Posted by: adventuressetravels | March 15, 2011

Sea Fog

“Oh my god!” a cry of dismay came from the back deck.

We leaped up from our seats on the sofa and rushed outside.  We didn’t make it further than a few feet out the door.  A white fog  blanketed us in, turning the open ocean claustrophobic.  You could barely see up to the bow of the 42 foot catamaran through the haze.   As if we had been transported into a ghost world mist swirled around us, its fingers reaching onto our very deck.  We weren’t going anywhere, not til the fog lifted anyway.

A boat trapped in a dead-calm sea; not a breath of wind stirring the mirror-like surface of the ocean.  And then the fog rolls in, cutting off all contact with the outside world.  100 miles from the nearest point of land no one would find us.  Now this was the stuff nautical horror stories were made of.

The sheets of cotton fog came and went, blurring the days into one another, clearing for an hour or two, only to come back with renewed force.  It was eerie.  The captain and our more experienced crew member reassured us that it was only humidity, not some Davey Jones preparing to pull us down into his locker.

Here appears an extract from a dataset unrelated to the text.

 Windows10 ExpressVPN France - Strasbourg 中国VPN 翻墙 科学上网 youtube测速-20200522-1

Still, being utterly surrounded by white in that dead calm sea was unsettling.  Sure, we were near untouched coral-heads and reefs that served as veritable grocery stores of lobster and crab, but still.  Snorkeling, diving, exploring, nothing helped.  I couldn’t shake the antsy, trapped feeling of foreboding enveloped by this sinister white mist.

Not a peep on the VHF radio, not a speck on the radar, one day, two, three … I lost count of the sunrises and sunsets.  We were utterly alone.  Alone with the fog.

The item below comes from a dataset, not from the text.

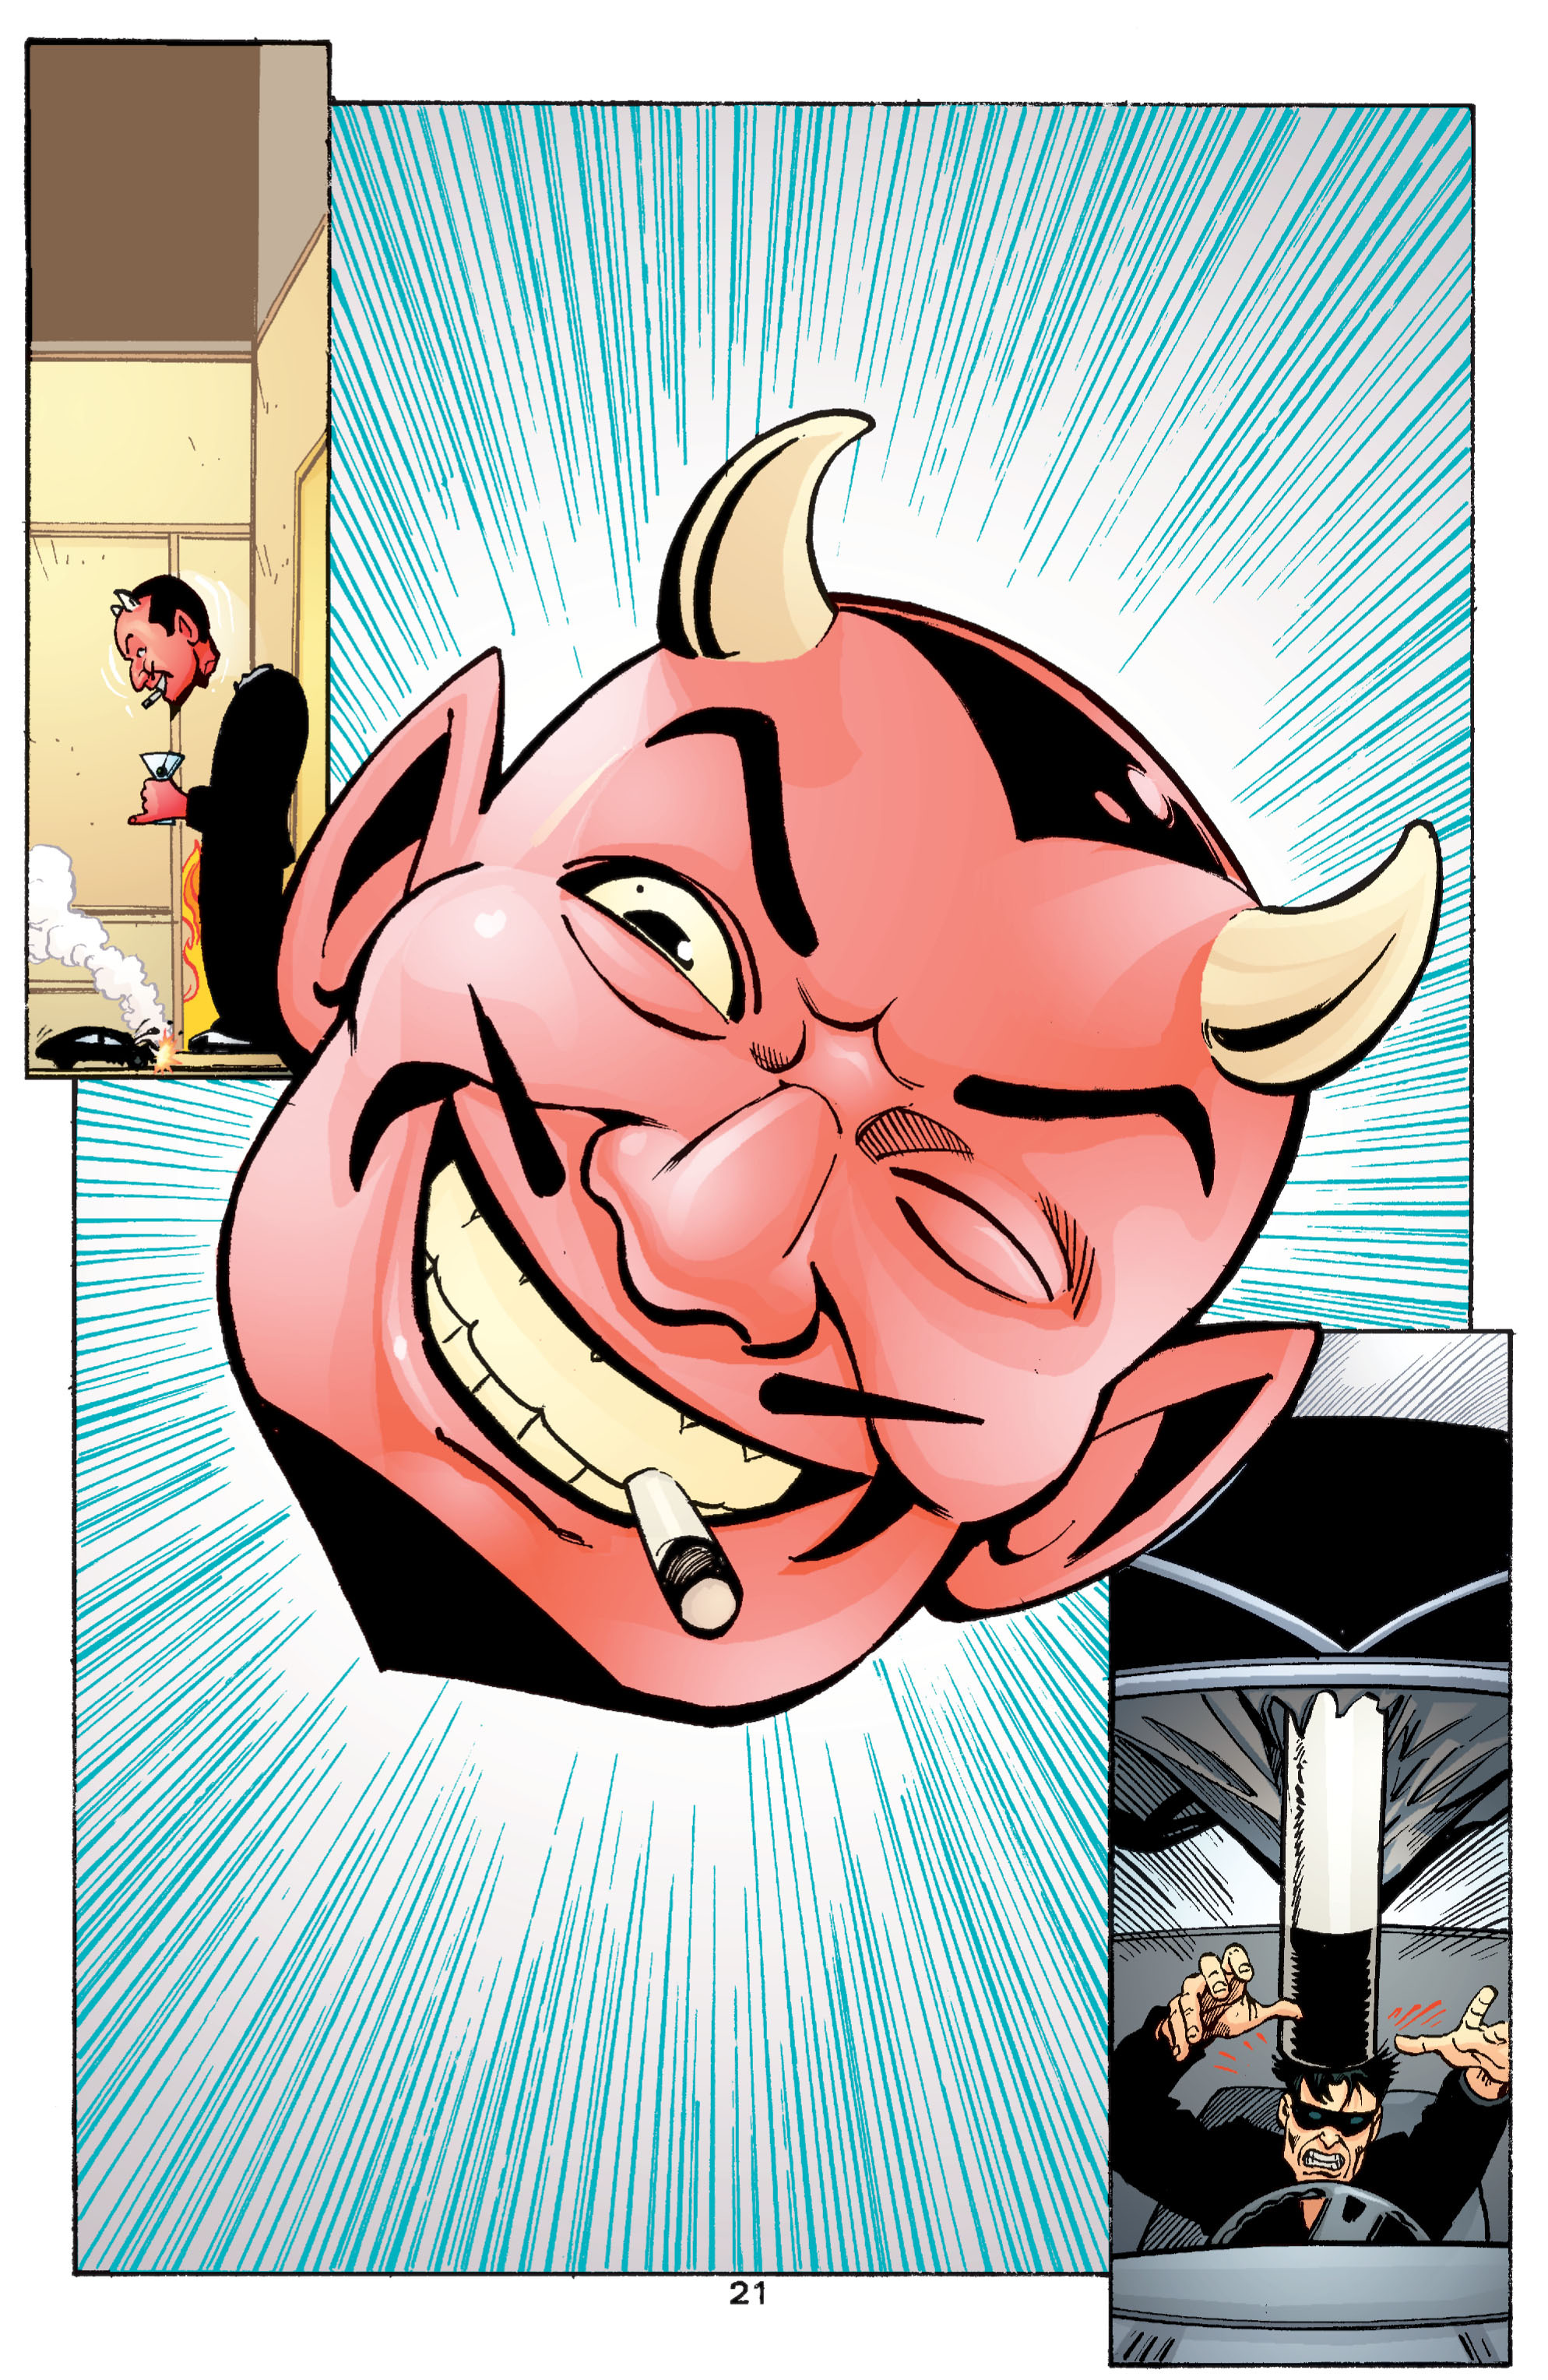 Read online Transmetropolitan comic -  Issue #55 - 22

Then, one morning the blue sky greeted me.  The horizon was clear.  A couple hours later, miracle of miracles, we saw a large salvage ship in the distance.  We had made it out of our nautical purgatory.

The spell broken, and visibility restored we lifted the anchor and motored out of the misty vortex that had trapped us.  We had escaped the fog’s clutches.





  1. Vivid subjective report. Early on you might indicate that you had cast anchor until things cleared up.

  2. Oooh, creepy. Have you ever seen that movie The Fog? That’s all I could think of while I was reading this. Even if you were anchored, I’d be worried about another boat coming along and hitting you, though I imagine radar helps avoid that sort of thing, eh?

    • I haven’t seen the Fog, but yeah, the real stuff was pretty creepy. Radar was definitely good to have but we didn’t use it doesn’t help much in that case. It is a terrible drain on the batteries so we didn’t really use it when we were anchored or during the day, but we did have anchor lights which would have totally helped. Luckily and we only saw one boat on the radar in ten days there.